Dr. H. S. Kaplan: I am grateful to Dr. Law for his discussion because it affords an opportunity to make a few additional remarks. As far as I am concerned, the evidence indicates that there is a virus that can be extracted from AK leukemia tissue, which will produce an identical neoplasm in the refractory C3H strain.

We have used some of Dr. Gross's passage A agent and have obtained tumor yields in C3H mice in excess of 60 percent in about the same interval that he has indicated in his published reports. Dr. Law said that I confused the acceleration phenomenon of Rudali, Duplan, and Latarjet with Dr. Gross's agent. That is not the case. We have taken the passage A agent, obtained from Dr. Gross, and put it into newborn AK mice, and obtained an acceleration phenomenon with over a 60 percent incidence by about 4 months of age, at which time none of the control AK mice have contracted leukemia.

Dr. Law's comments regarding the radiation threshold and Dr. Mole's work on thymic tumors versus generalized tumors seemed to me to be somewhat beside the point. It is perfectly true that I did not talk about myeloid leukemias, but I also did not talk about mammary carcinoma, salivary-gland tumors, carcinoma of the skin, or other kinds of cancer.
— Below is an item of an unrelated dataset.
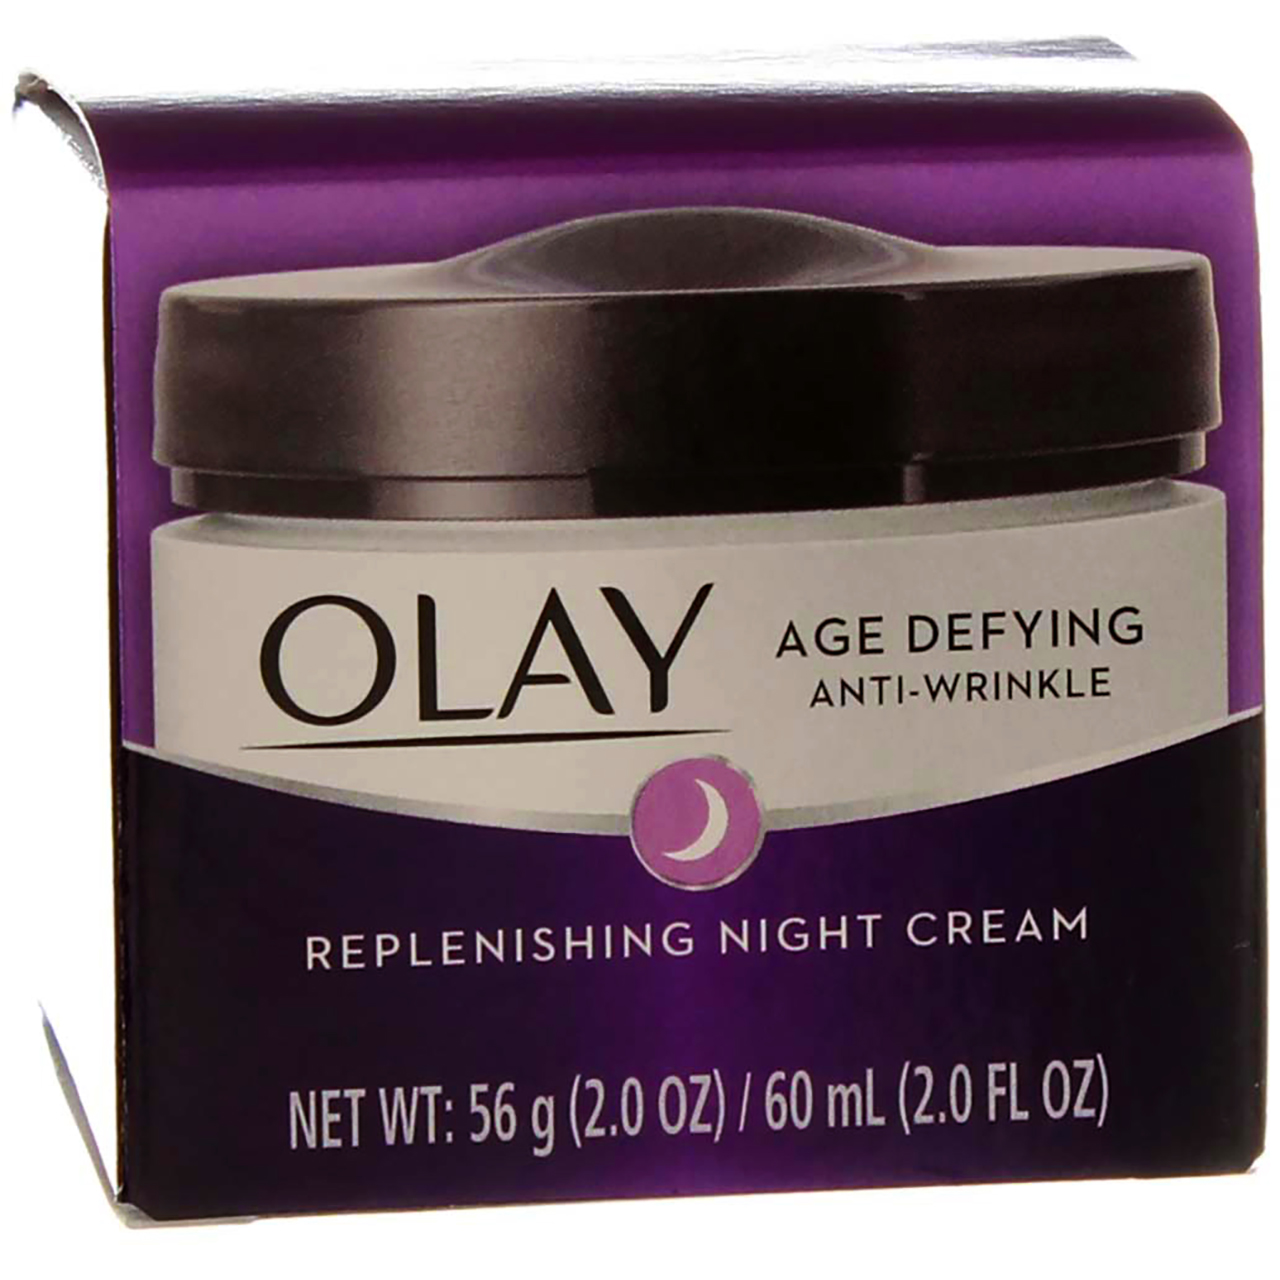 Olay Age Defying Anti-Wrinkle Replenishing Night Cream, 2 oz (Pack of 6) - image 3 of 5

This is one particular system. It is the only one that has been characterized with regard to the phenomenon that is under discussion, and I did not mean, even by exclusion, to indicate that the other areas are not worthy of study. But in the time available the subject has to be limited. I think Dr. Mole's data are essentially irrelevant to the present discussion.

As for reticulum-cell sarcoma, we have recently completed an experiment in which we used nonirradiated C57BL mice, thymectomized nonirradiated C57BL mice, and thymectomized irradiated C57BL mice, and the final incidence of this sarcoma was essentially identical in all three groups. There is no indication that a relatively large dose of radiation had any influence whatever on the development of this disease, and I do not believe that there is any basis at the present time for assuming that this is a radiation-induced reticular neoplasm. I think it is a spontaneous late tumor of these mice, and radiation has nothing to do with it.
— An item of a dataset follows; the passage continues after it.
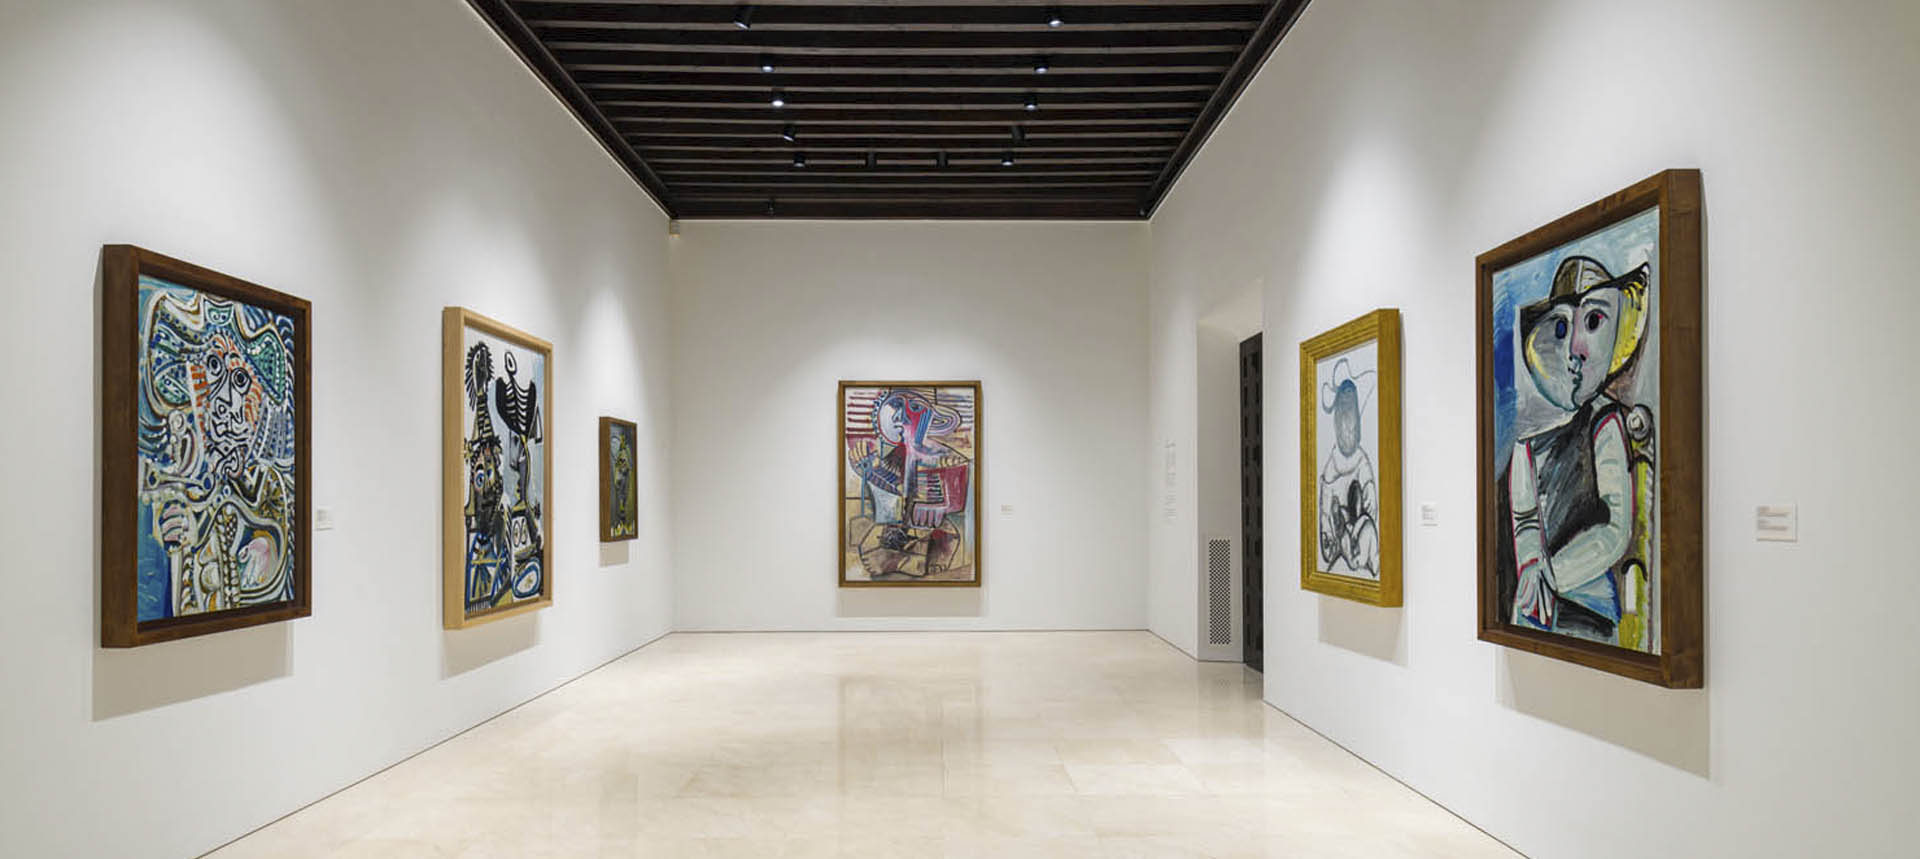 Colección del Museo Picasso Málaga. Sala XI.

As far as adequate controls are concerned, I mentioned some that we have at the present time. We have not done serial passage of control material, but we consistently get an incidence of 15 to 20 percent with either fresh material or with cell-free filtrates from an originally radiation-induced tumor which has been carried for a good many years in our laboratory, and we consistently get an incidence of zero with any of the control materials we have used, including cell-free filtrates from normal thymus. I suppose serial passage would be a good idea, but it has not been done.

Through the kindness of Dr. Huebner, we have recently tested some of our animals for polyoma virus and we do not seem to have the polyoma virus in our colony. Whether we have contaminated our C57 with the AK virus, I do not know.

About "activation," I have always used this word in quotes deliberately to emphasize that I do not know what activation means. The virus is presumably in the tissues all the time, yet radiation is necessary to bring out the tumor. I do not know whether I am talking about a change in host sensitivity or a change in the virus, but I would be inclined to think it a change in host sensitivity or host response rather than a radiation-induced change in the virus.